→ Given entries
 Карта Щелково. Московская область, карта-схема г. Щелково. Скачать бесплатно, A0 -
* * *
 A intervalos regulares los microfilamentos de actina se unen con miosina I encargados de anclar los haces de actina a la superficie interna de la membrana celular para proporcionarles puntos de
---
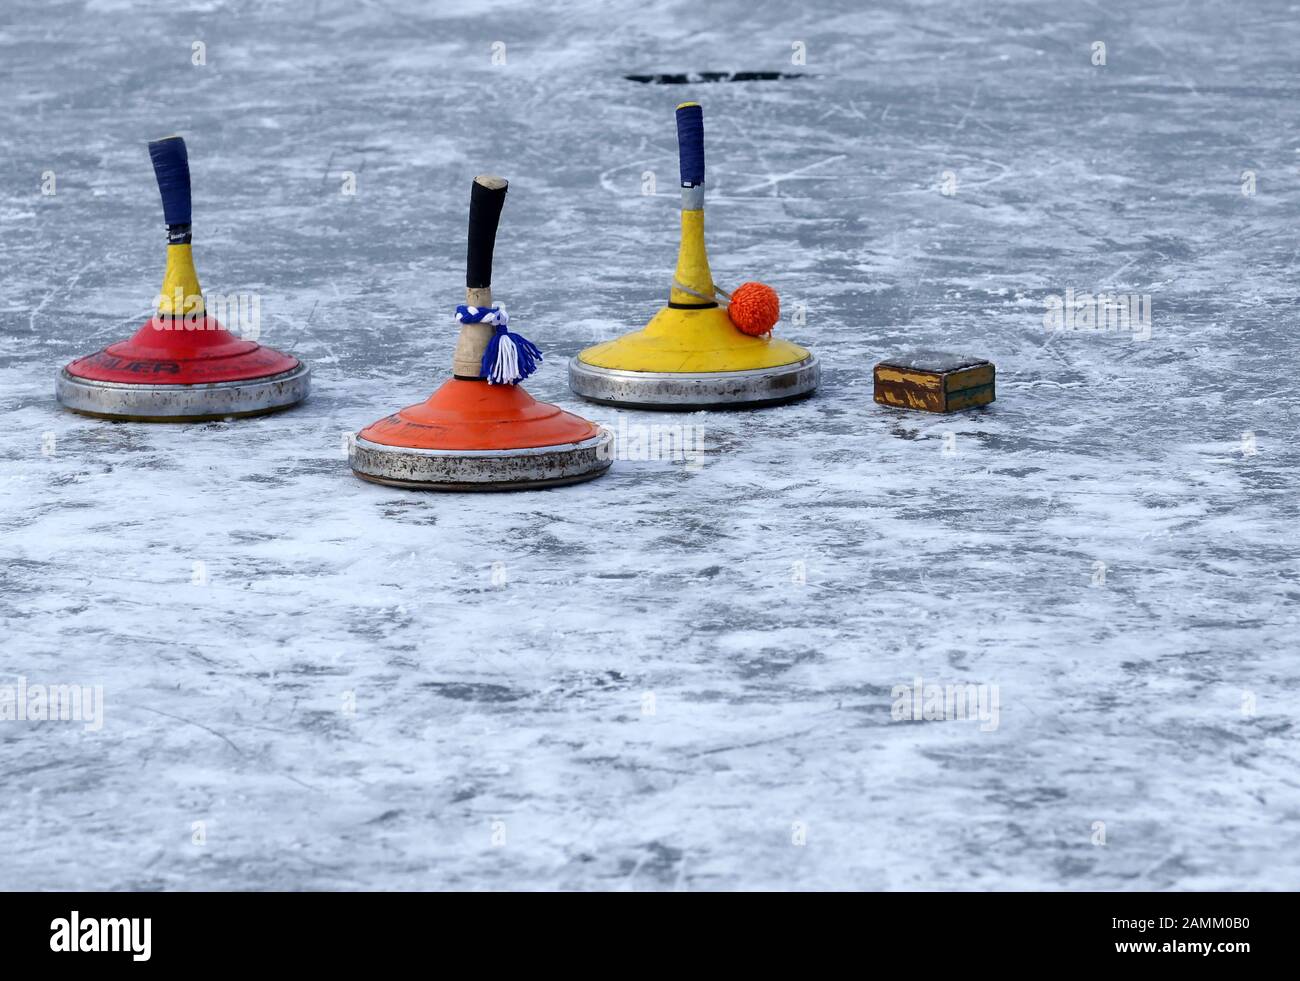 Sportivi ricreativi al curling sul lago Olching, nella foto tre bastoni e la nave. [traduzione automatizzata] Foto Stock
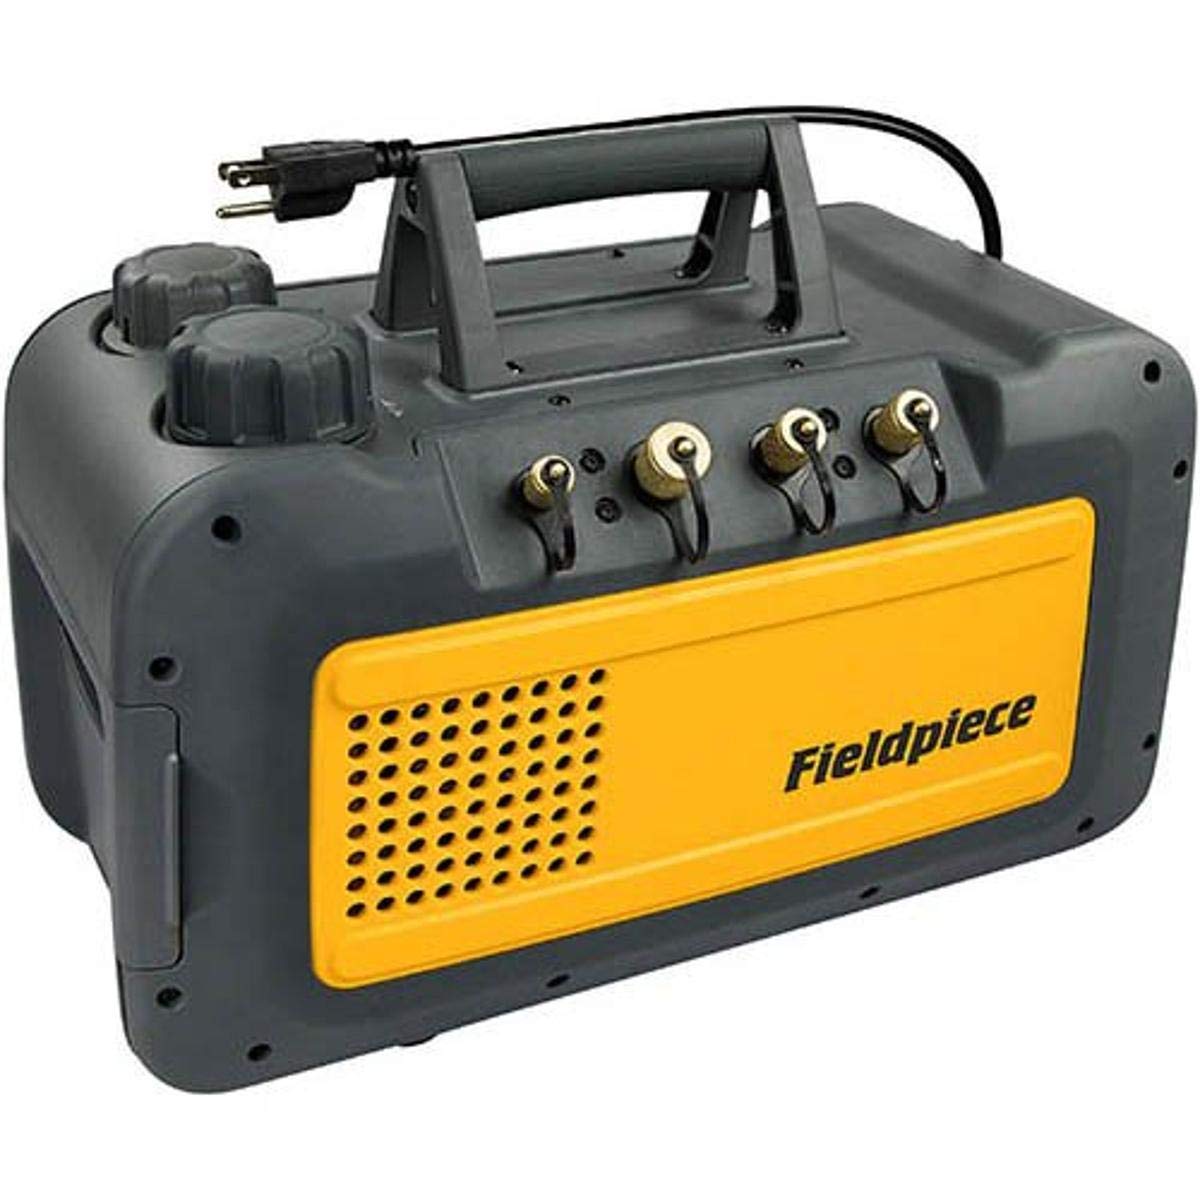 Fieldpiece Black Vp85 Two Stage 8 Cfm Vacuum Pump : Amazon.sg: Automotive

→ The problem
Copy exactly the lines of the entries above from the one containing "Sportivi ricreativi al" through the one containing "Fieldpiece Black Vp85". Both end lines count; pictures do not.

→ Your response
 Sportivi ricreativi al curling sul lago Olching, nella foto tre bastoni e la nave. [traduzione automatizzata] Foto Stock
 Fieldpiece Black Vp85 Two Stage 8 Cfm Vacuum Pump : Amazon.sg: Automotive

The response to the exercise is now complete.